DIRECTIONS:
Once the pictures are set aside, transcribe the remaining data exactly.
(SUPPLIED INFORMATION)
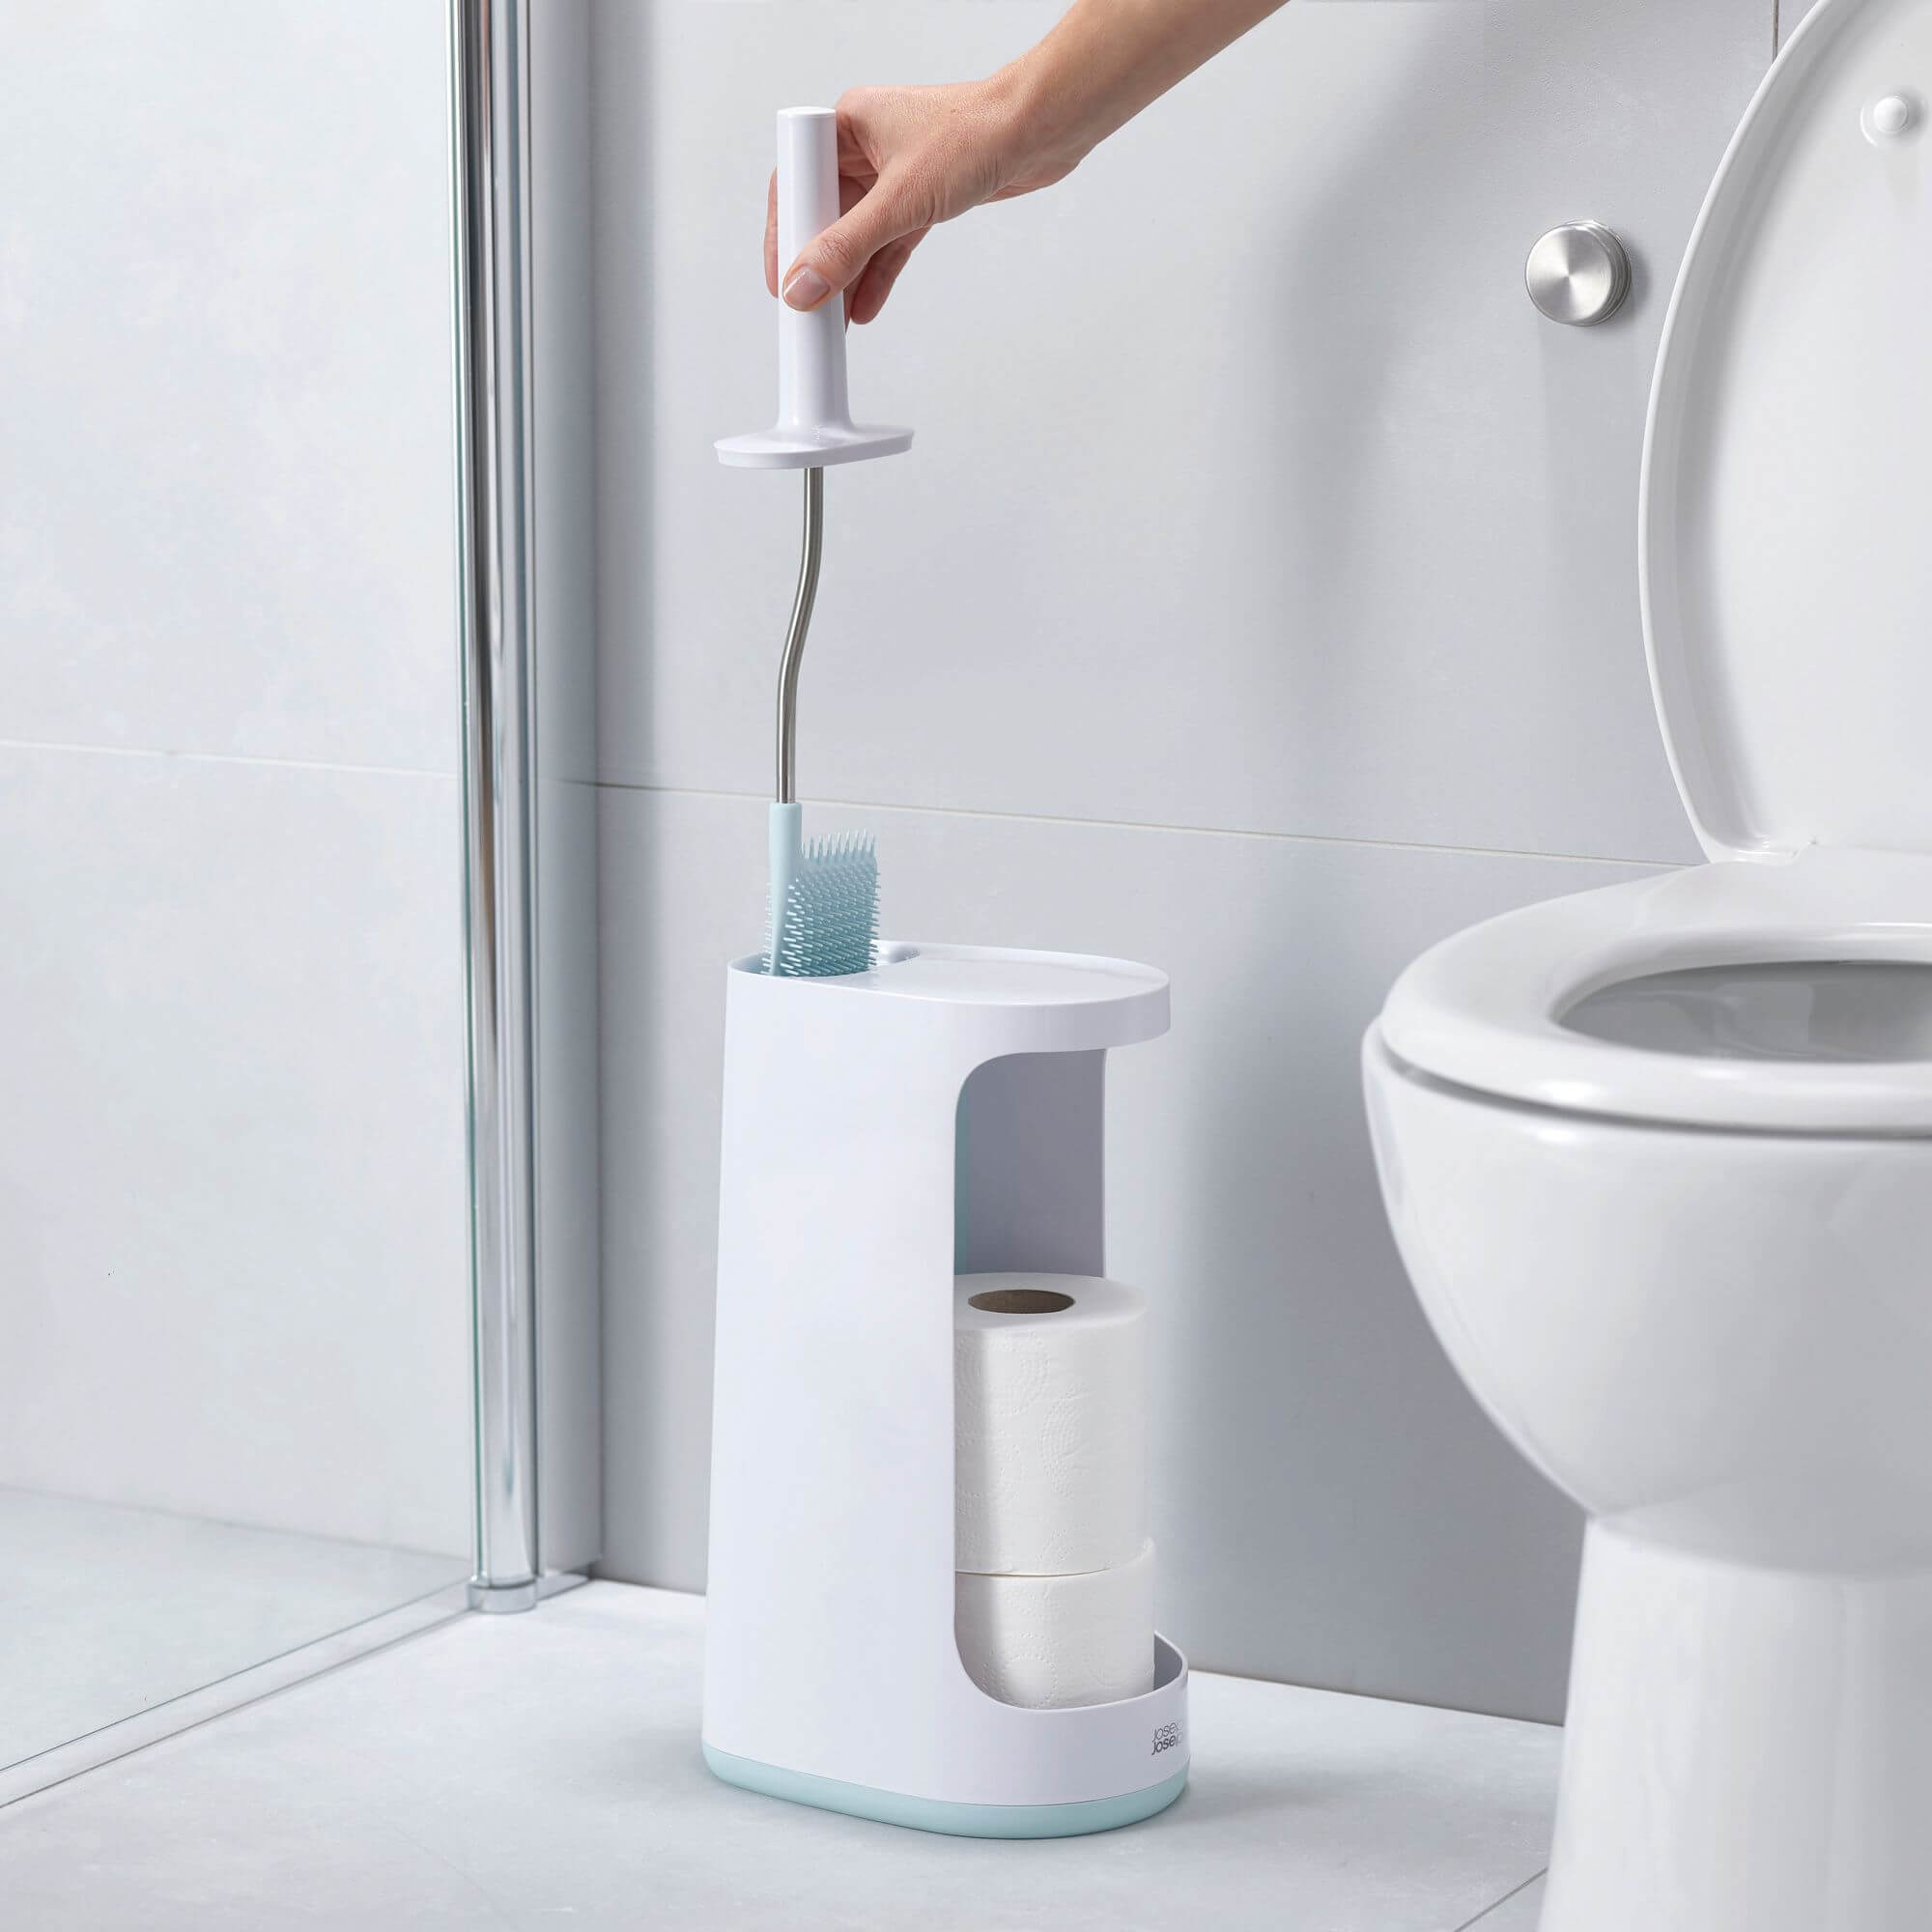 Joseph Joseph silicone toilet brush with toilet roll holder
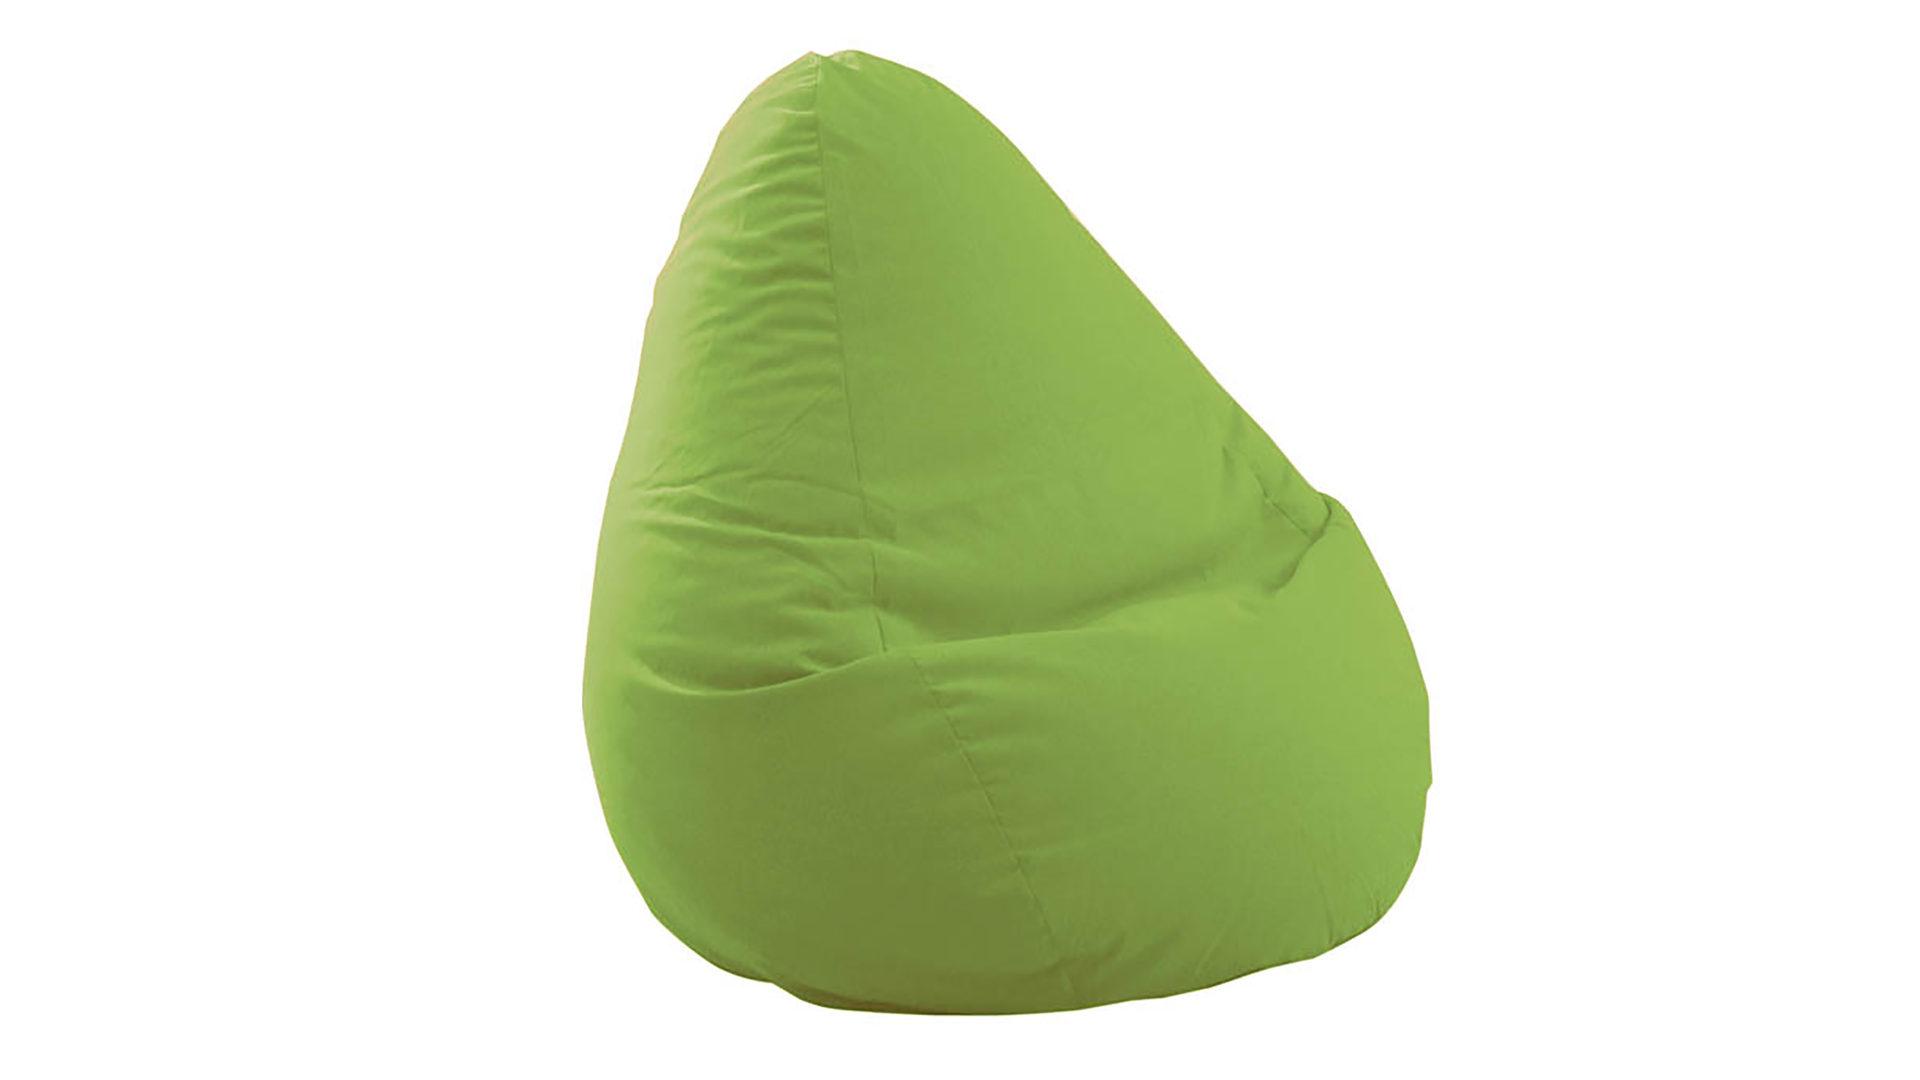 Standard-Sitzsack Magma sitting point aus Stoff in Grün SITTING POINT Sitzsack Easy XL als Sitzmöbel grüner Mikrofaserbezug - ca. 220 Liter
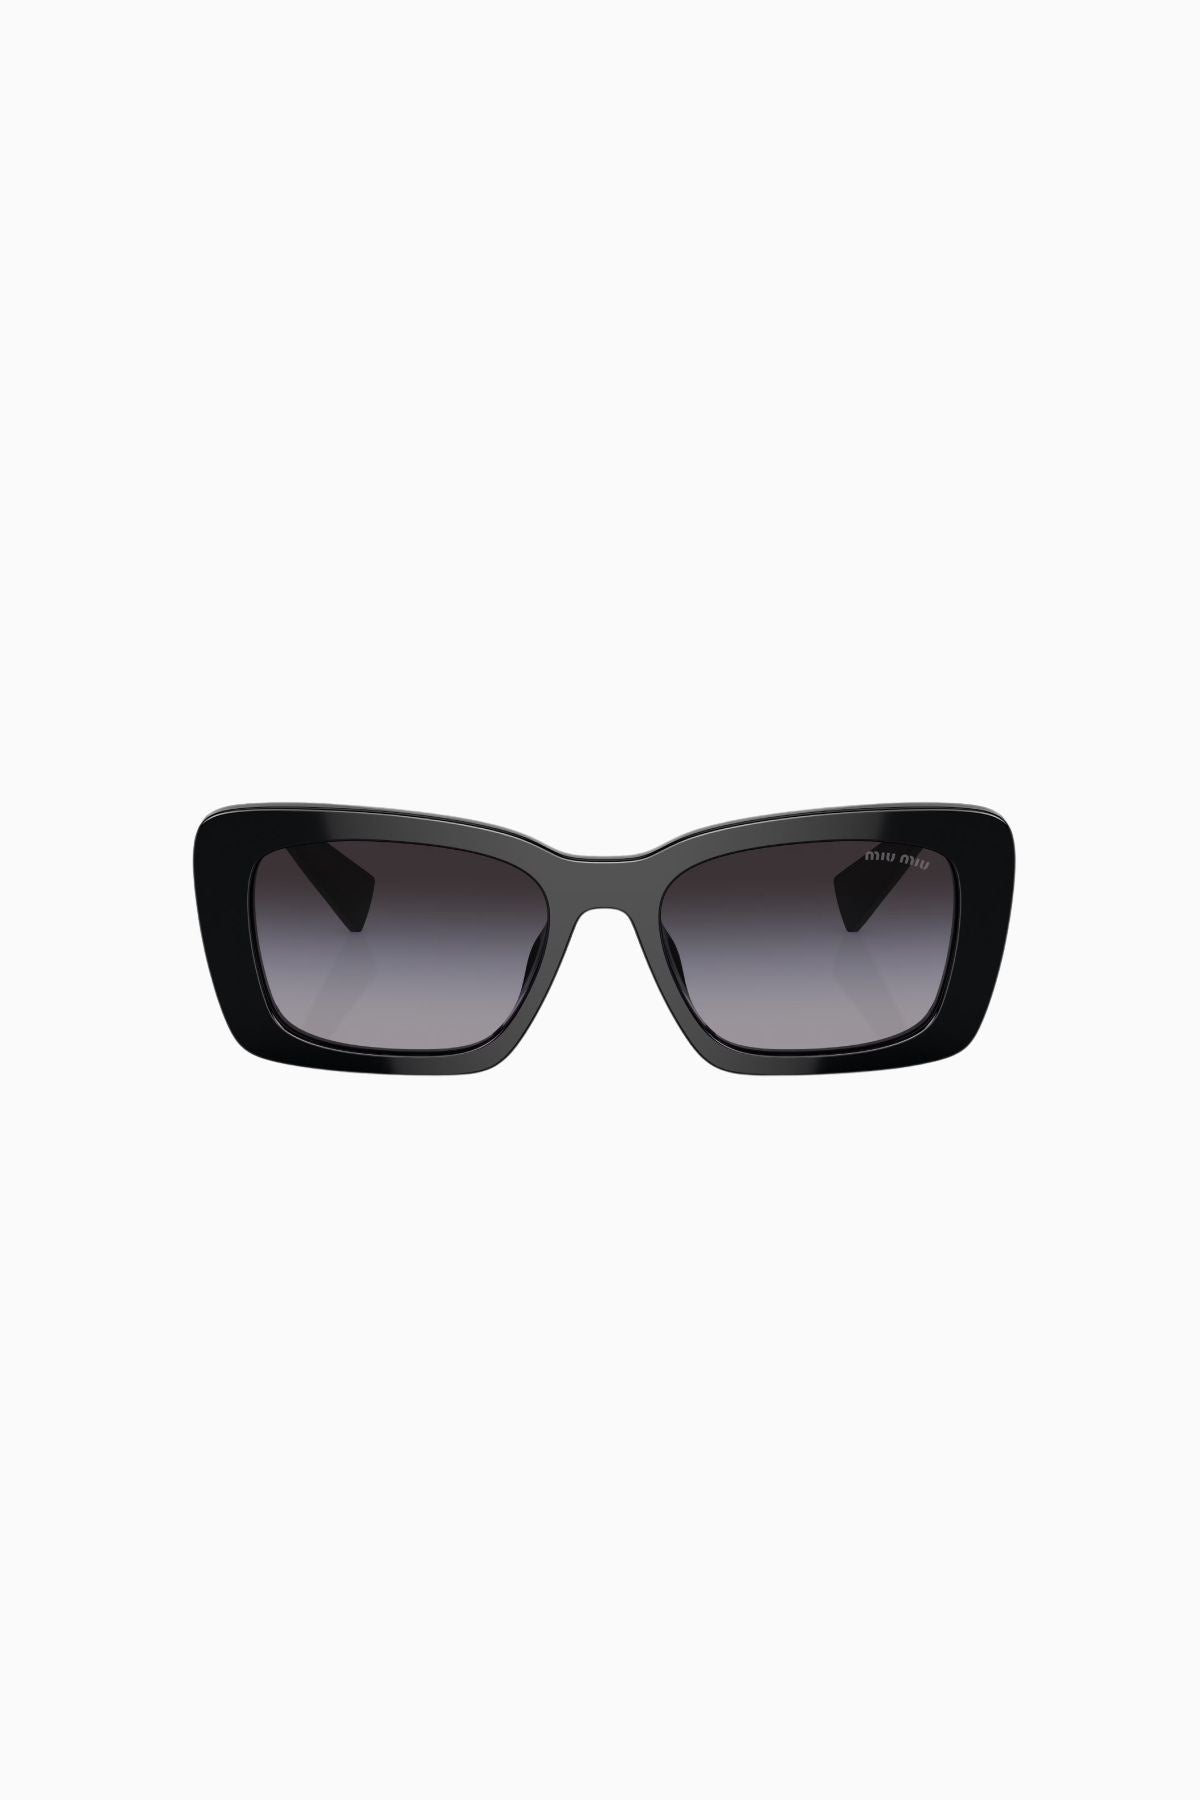 Miu Miu Rectangle Framed Sunglasses - Black/ Gradient Grey
(End SUPPLIED INFORMATION)
TASK SOLUTION:
 Joseph Joseph silicone toilet brush with toilet roll holder
 Standard-Sitzsack Magma sitting point aus Stoff in Grün SITTING POINT Sitzsack Easy XL als Sitzmöbel grüner Mikrofaserbezug - ca. 220 Liter
 Miu Miu Rectangle Framed Sunglasses - Black/ Gradient Grey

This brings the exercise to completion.